Normalized and segmented gray matter images were then used to create asymmetry maps. Asymmetry maps were calculated on voxel-by-voxel basis using the function ImCalc included in SPM2, according to the formula: 2*[i−(f)i]/[i+(f)i]; where i denotes the probabilistic map and gray matter and (f)i its left–right flipped version, over the x axis origin. The resulting asymmetry maps were submitted to an independent sample t-test comparing the two age groups (VBM analysis 2). We aimed to investigate brain areas where asymmetry would increase as a function of age. The results of this type of analysis are difficult to interpret because they could reflect that the younger individuals started with a L>R asymmetry that diminishes with age, or that the older individuals have a R>L asymmetry that has increased with age. Therefore, to clarify the interpretation, we initially searched for voxels in older individuals that, compared to younger individuals, would exhibit an absolute Z score higher than 1.96, in the same direction of the mean asymmetry index for that voxel (positive or negative) in the older group. Once identified, these voxels were used to create a mask representing regions where asymmetry was more extreme (either positive or negative) in older individuals. This mask was then explicitly applied to an independent sample t-test comparing the smoothed asymmetry maps between the older and younger groups, i.e., only voxels contained in the mask were assessed. This parametric group analysis was performed using the software NPM. Results were then thresholded with a 5% False Discovery Rate (FDR).
Finally, we investigated changes in gray matter and asymmetry indexes in a region of interest (ROI) defined in the approximate sensorimotor region representing the hand (VBM analysis 3) (Fig. 2) (center of mass: x=±35, y=−26, z=58, volume=4168 mm3, ranges:−48<x<−24, −40<y−14, 52<z<66), according to the BrainMap database library of ROIs (http://brainmap.org) available at (http://hendrix.ei.dtu.dk/services/jerne/ninf/voi/index-alphabetic.html). This ROI was chosen based a review of functional and structural literature assessing hand area (Fox et al., 1994). It encompassed Brodmann areas 2, 3, 4, 6 and 40 (the number of 1 mm3 voxels in each areas being: BA 2=655; BA 3=3399; BA 4=3412; BA 6=2935; BA 40=185).

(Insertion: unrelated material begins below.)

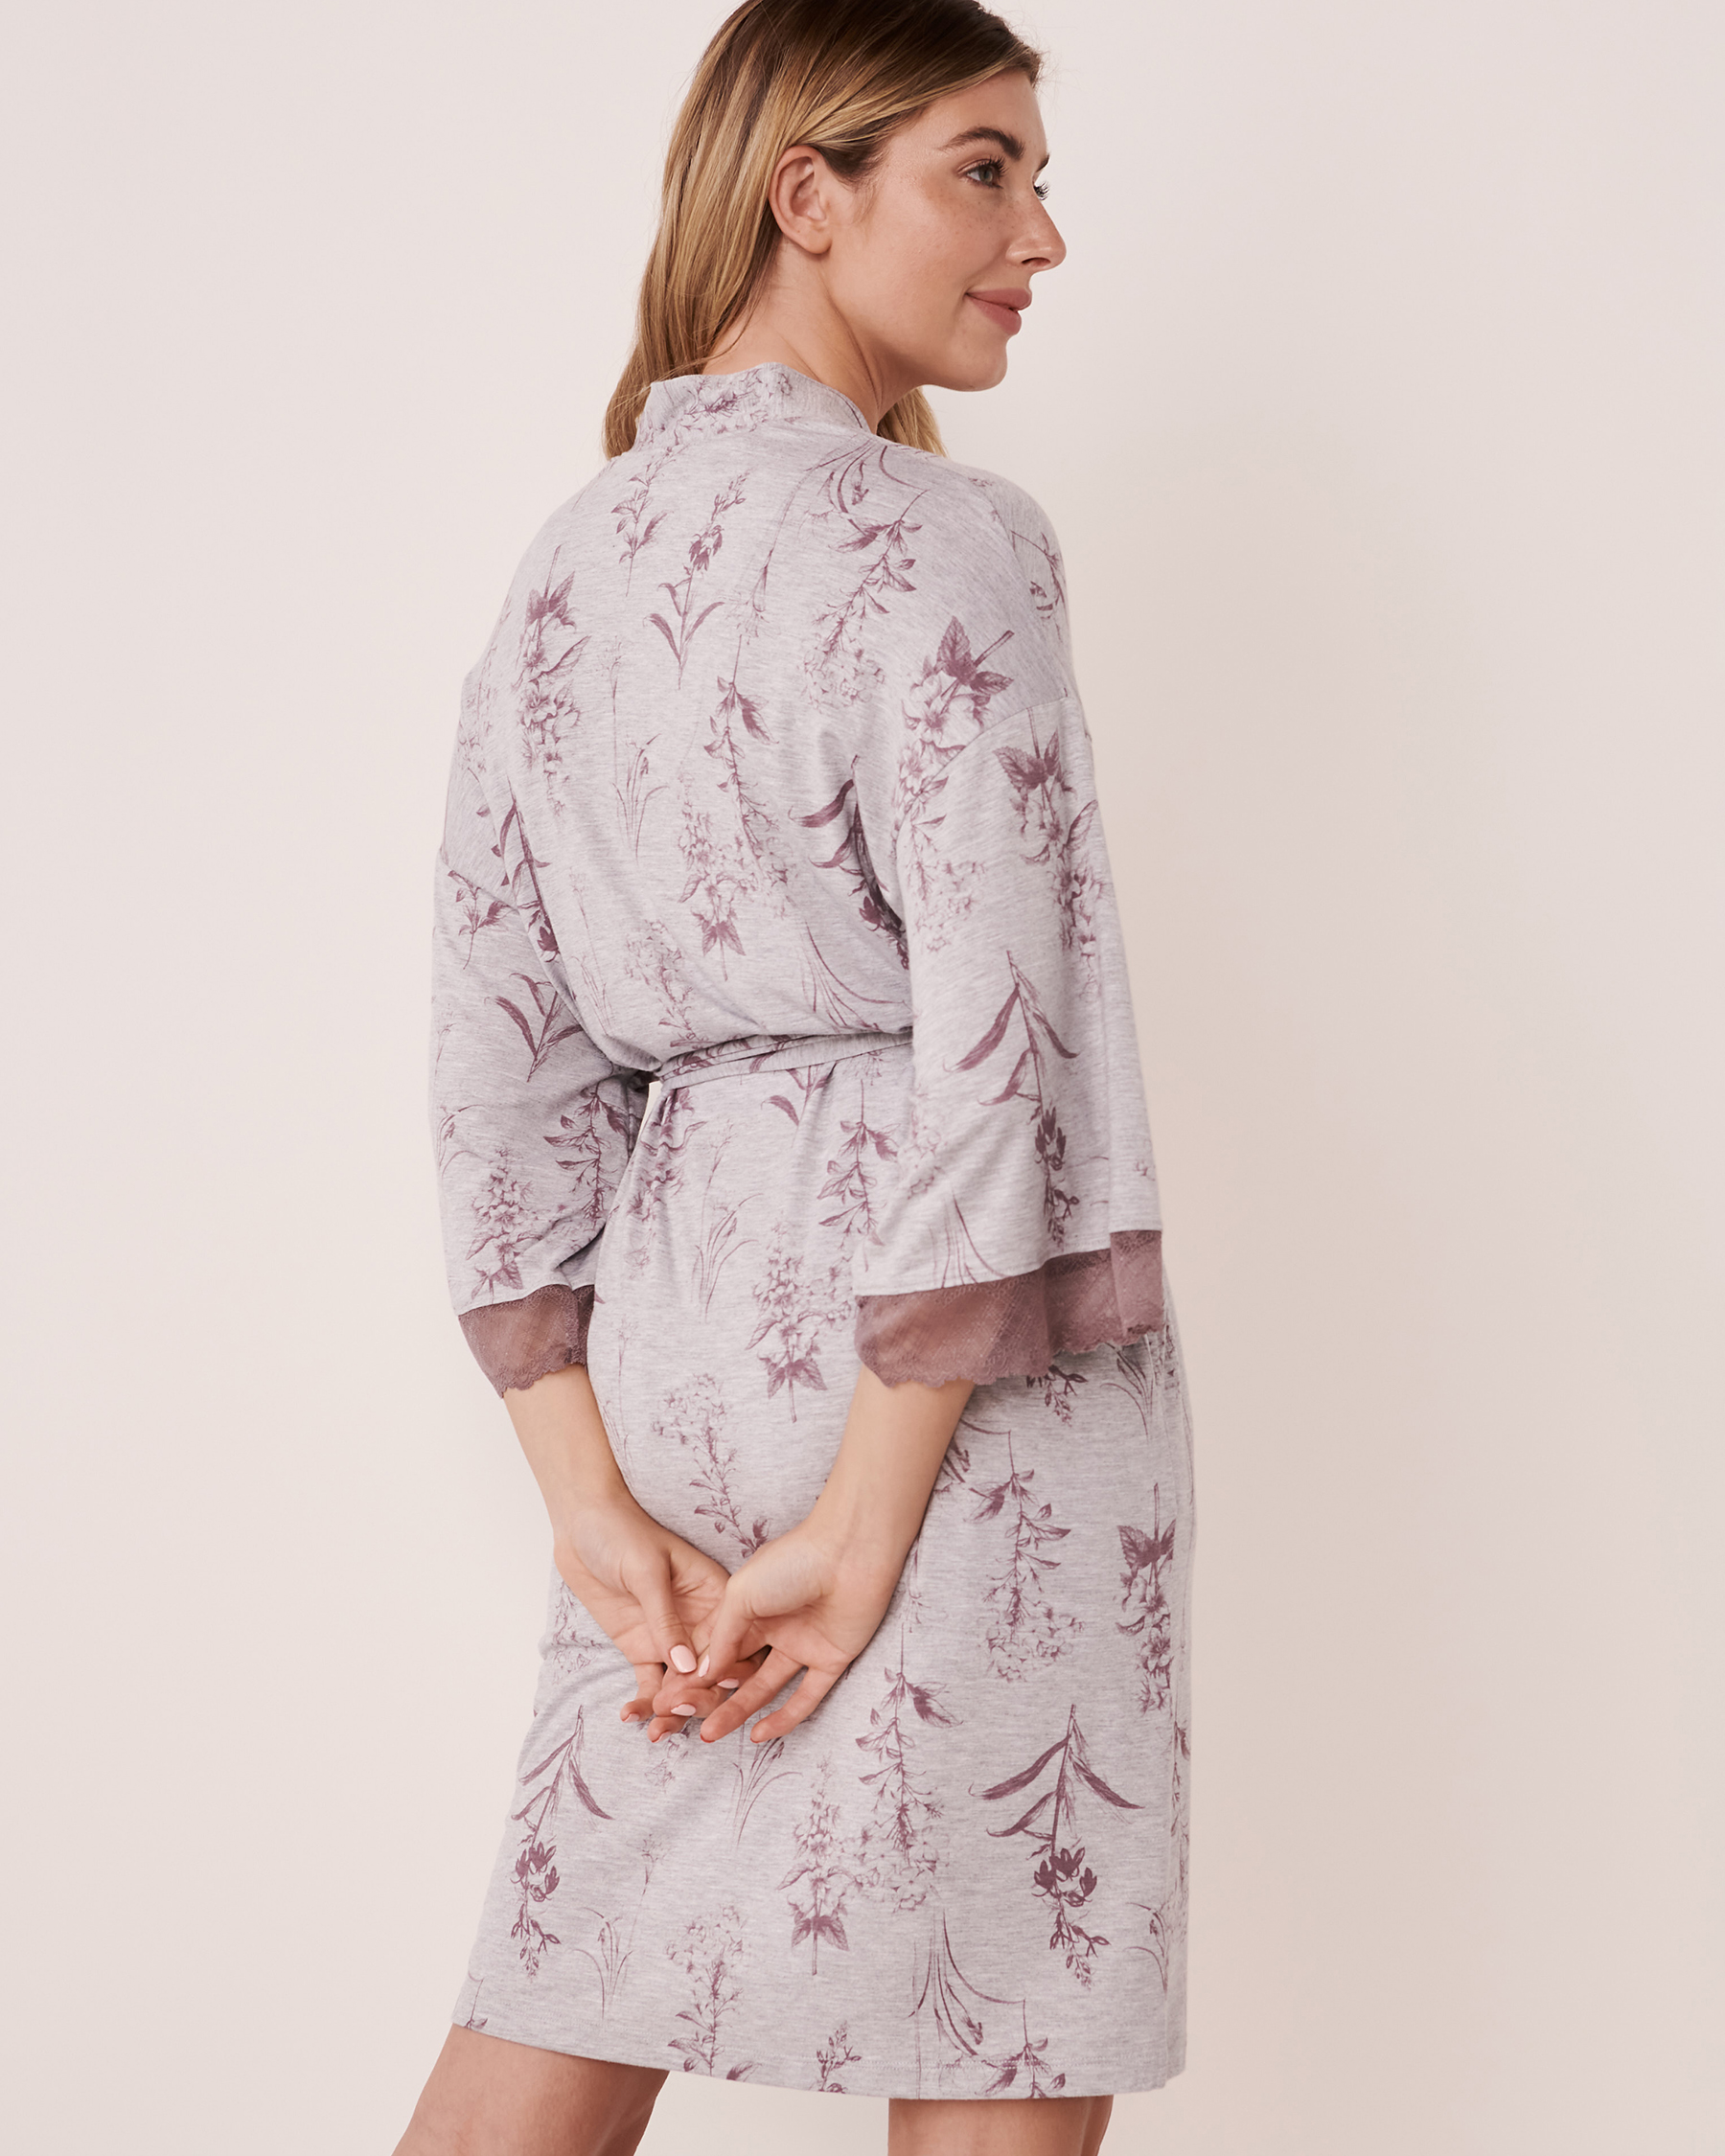 LA VIE EN ROSE Lace Trim Modal Kimono Grey branches 40600087 - View2
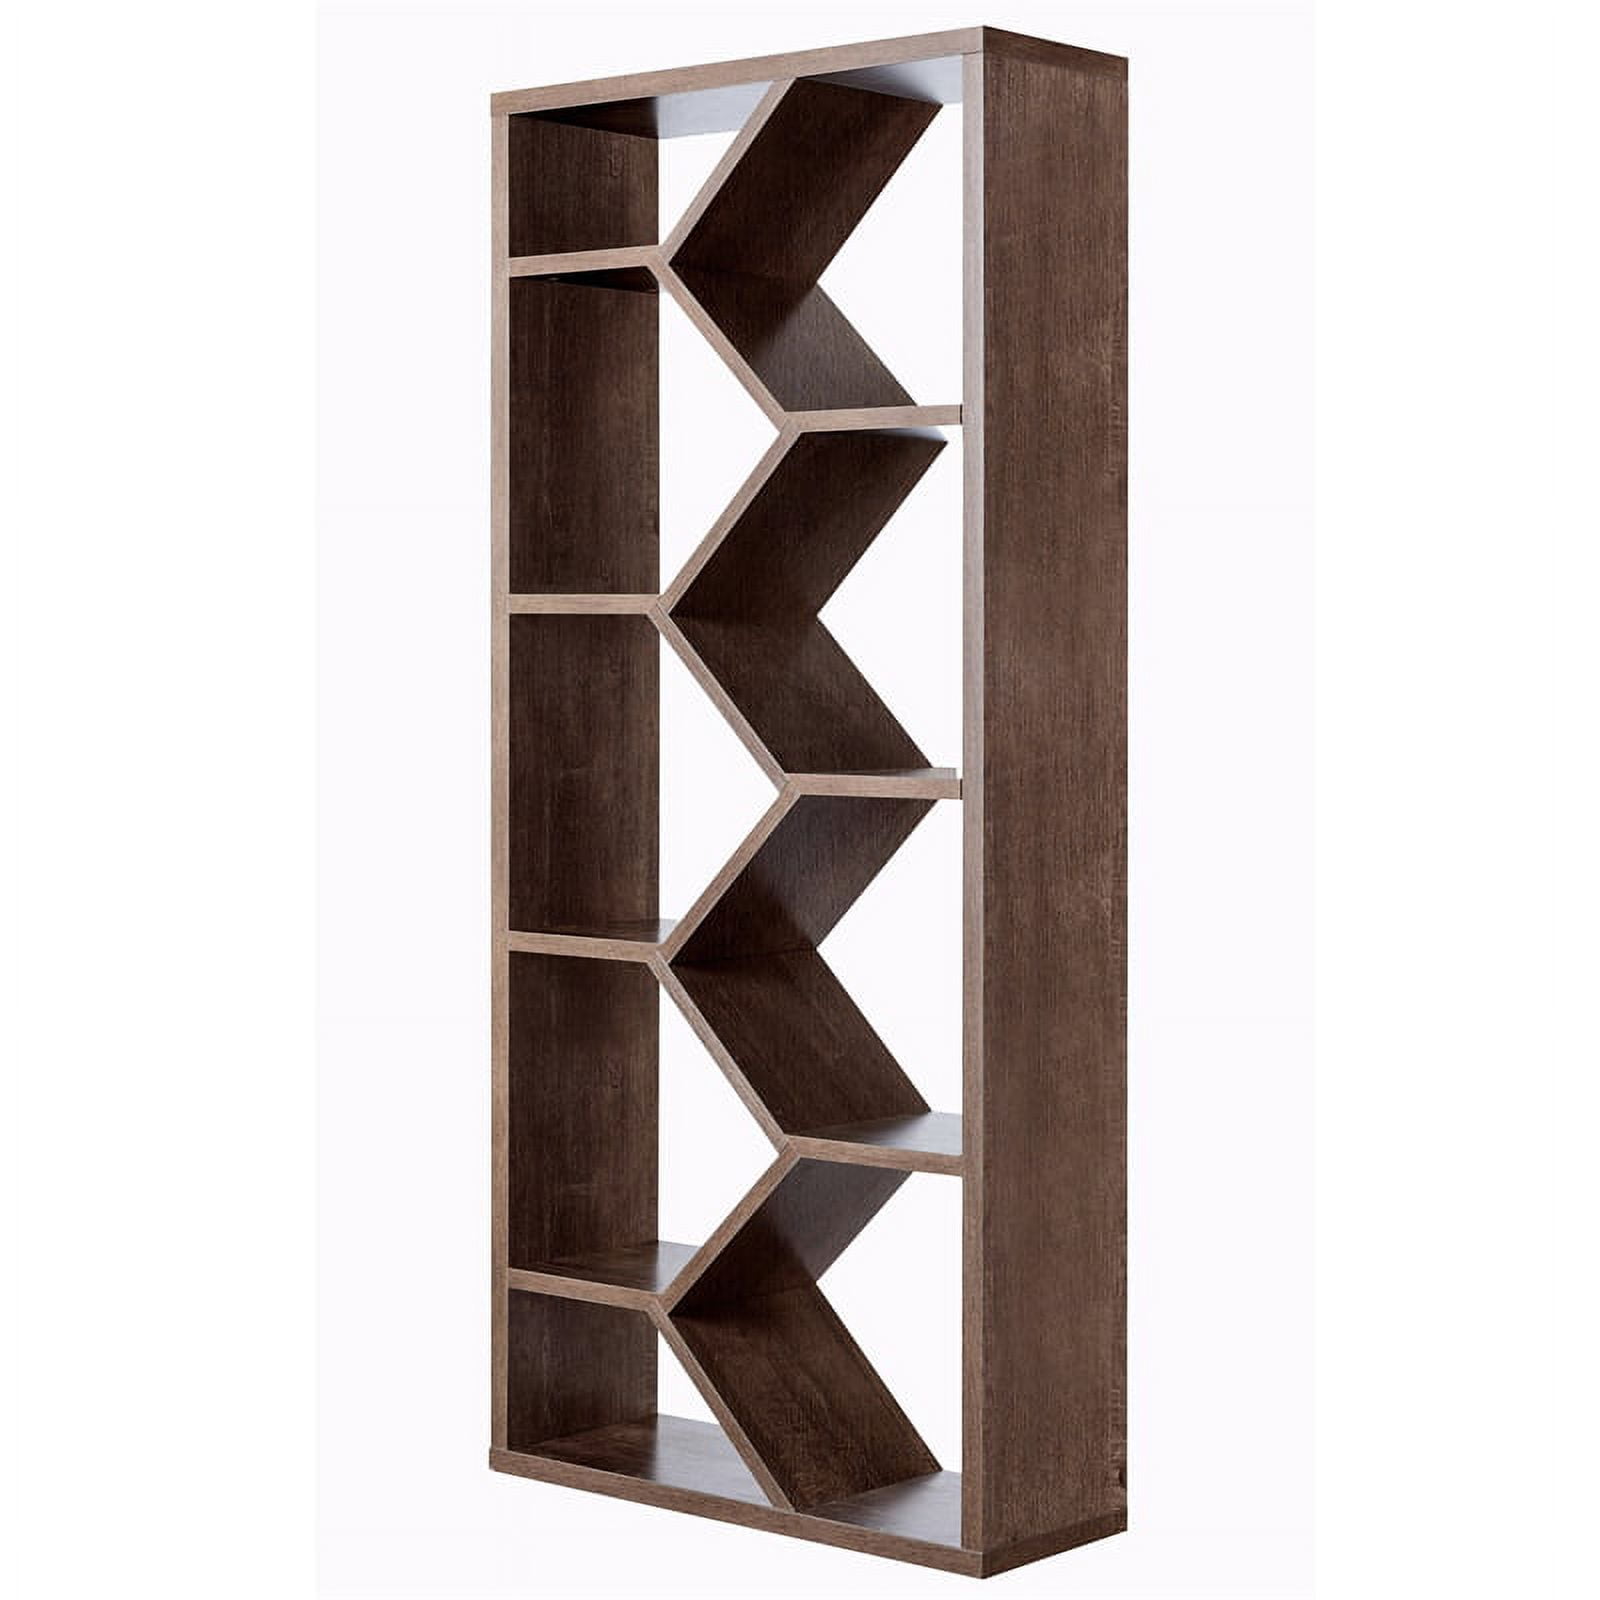 Solid wood cube shelves in walnut or oak - Nick James Design

We investigated the correlation between the asymmetry index and age using a t-test for each voxel contained within the ROI. We also extracted the mean asymmetry index from the ROI and compared the values between the older and younger groups using an independent sample t-test. Finally, we extracted the gray matter volume from left and right hand areas and compared the values between younger and older subjects using a repeated measure ANOVA with 1 within subject factor (side: left or right) and 1 between subjects factor (group: older or younger). The test ANOVA was chosen so as to enable the discrimination of the effect size for each factor.
The mean gray matter volume or asymmetry data, described in second and third ROI analyses mentioned above were extracted using the software MarsBar (Brett et al., 2002). Statistical analyses involving mean gray matter or asymmetry indexes were performed with the software SPSS v12. The threshold for statistical significance was set as p<0.05.
This study was supported by the National Institutes of Health through the following grants: NINDS R01 NS054266 and NIDCD R01 DC008355.
5. Conflict of interest statement: There are no conflicts of interest associated with this study.